Since I am at our annual Faith Camp this week and spending copious amounts of time in a sheep shed with only a slow Internet connection over my mobile phone, I am spending very little time online this week. Hey, what do you expect? This isn’t RailsConf — there isn’t a MacBook or an Ubuntu T-shirt in sight…
I have found in recent months that spam comments are sneaking past my arsenal of defences at a rate of about three or four a week, so I have set my blog to moderate comments until I get back. So if you leave a comment and it does not appear immediately, please bear with me. Anything legitimate should be dealt with by the start of next week.
This is the twenty-fourth Faith Camp and my twenty-second.
Normally I stay in a tent on the showground, but this year I’m in the hotel — the Sleep Inn at the Peterborough service station on the A1.
It does have some advantages. I get a good night’s sleep, I don’t have to share the showers with five thousand other people, and there’s a wi-fi access point, so I can blog.
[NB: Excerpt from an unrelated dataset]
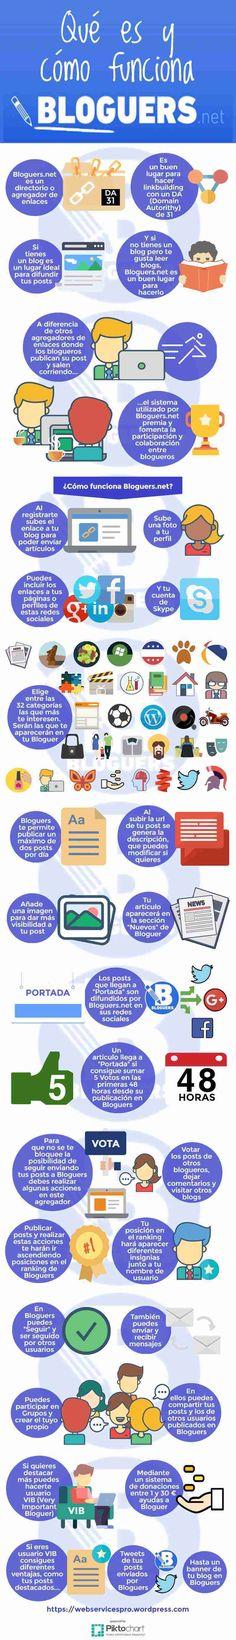 Bloguers.net puede resultarde de mucha utilidad para difundir los contenidos de tu blog. Entérate de cómo funciona

It also means that I don’t have to put up with being out in a tent if there’s a thunderstorm at night, which usually happens at least once during the week nearly every year.
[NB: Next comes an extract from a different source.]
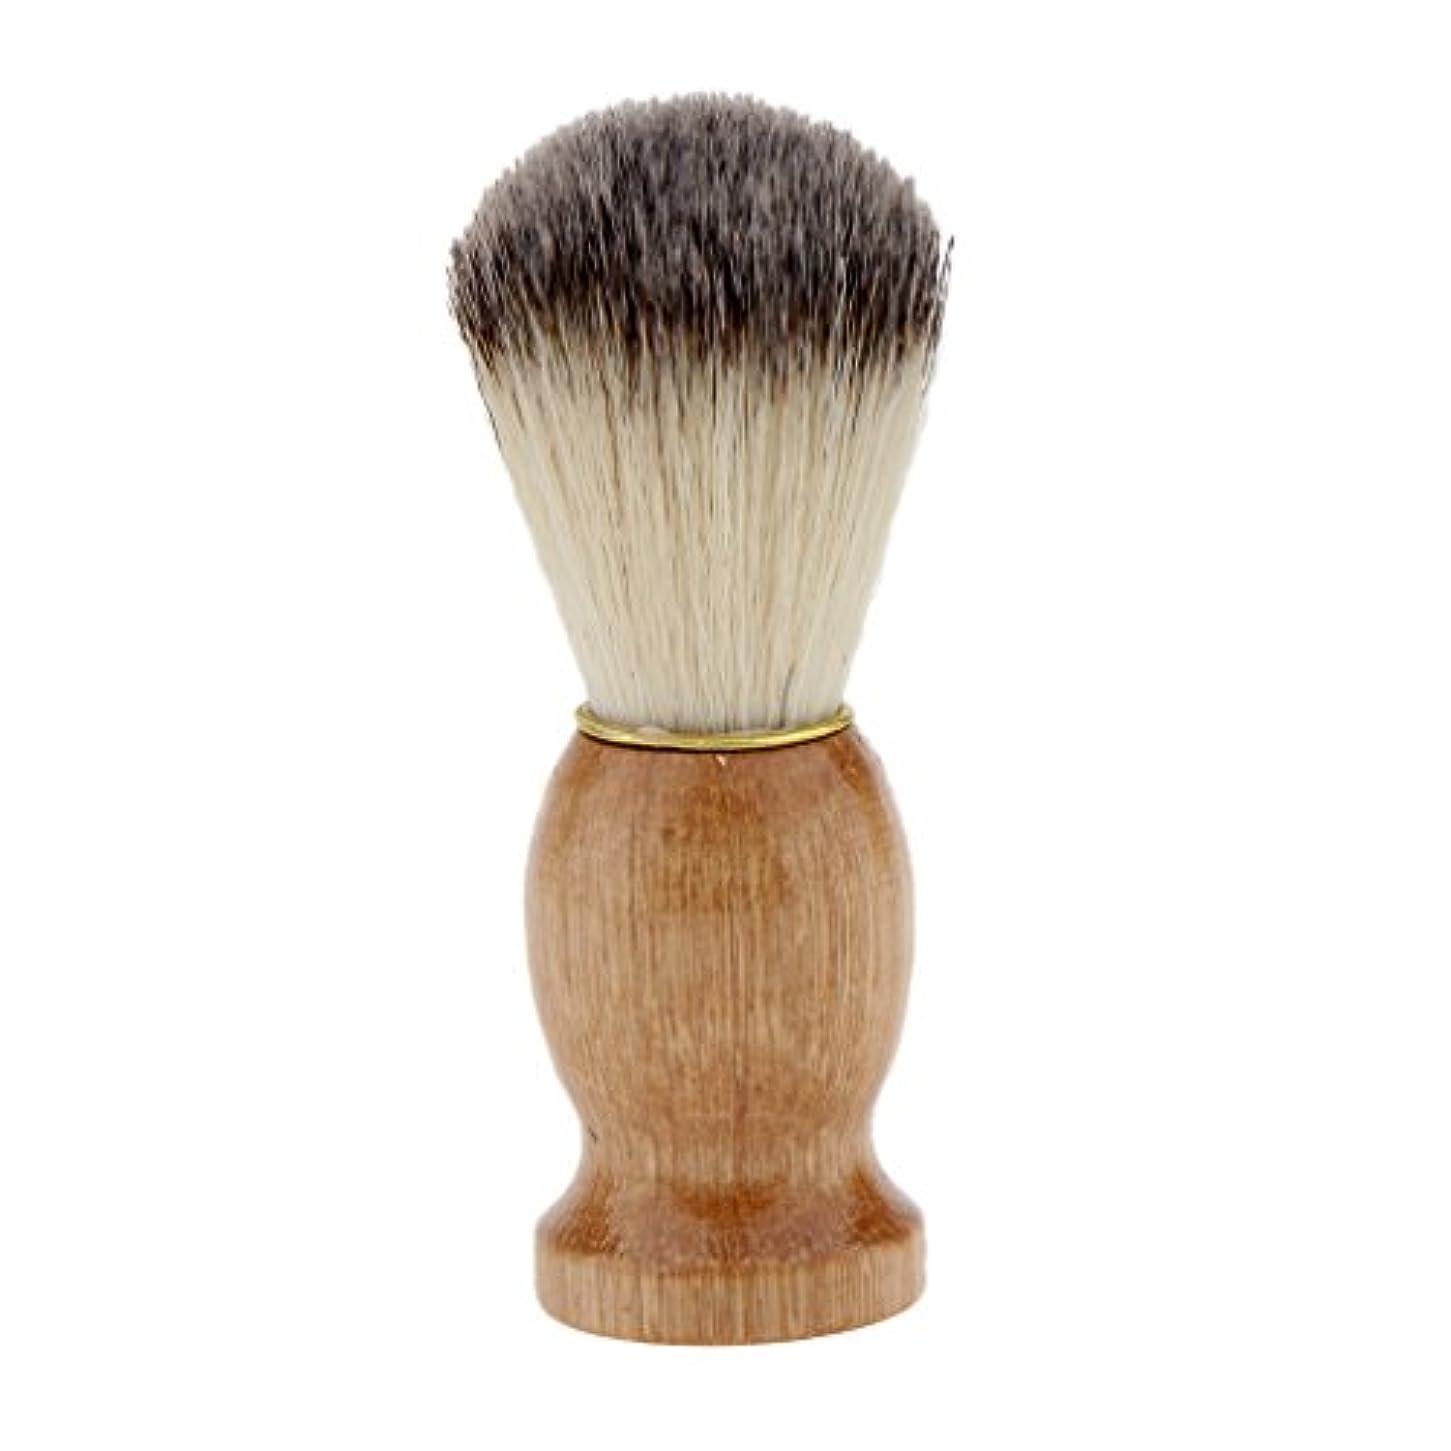 ワンダー昇進衰えるシェービングブラシ 木製ハンドル 男性 ひげ剃りブラシ ひげ クレンジング

However, when all’s said and done, I think I prefer my tent.
The big problem is that the hotel is pretty isolated from the camp life on the showground. The thing that I love about Faith Camp is that it’s a time when we meet up with old friends, make new friends, and generally have a good time all together. A mile from the showground on the other side of the motorway, it’s a bit awkward. Besides, sleeping on hard ground (or an inflatable camp bed), fitting your shower time round everybody else, night-time thunderstorms, and being well and truly off-line is half the fun of it.
A new feature of Faith Camp this year is a daily video report from around the showground, which is shown on the screens at some point in the main meeting every evening. Pastor Colin introduced them last night, saying “Apparently, the in word is ‘blog’. So here is our first video blog.”
It’s a great idea, though perhaps a slight misunderstanding of the word “blog” — which actually means an online diary that allows readers to post comments. A bit like my own website, for example. Purists such as Robert Scoble would add the requirement for RSS feeds, trackbacks and pinging blog search engines such as Technorati, though in practice, not all blogs do this. Then again, I guess we could stretch the definition a bit just for Faith Camp. There aren’t likely to be that many people going online on the East of England Showground during the week, after all.
Update: They’ve put the videos online. Lovely. I think that qualifies as a blog now.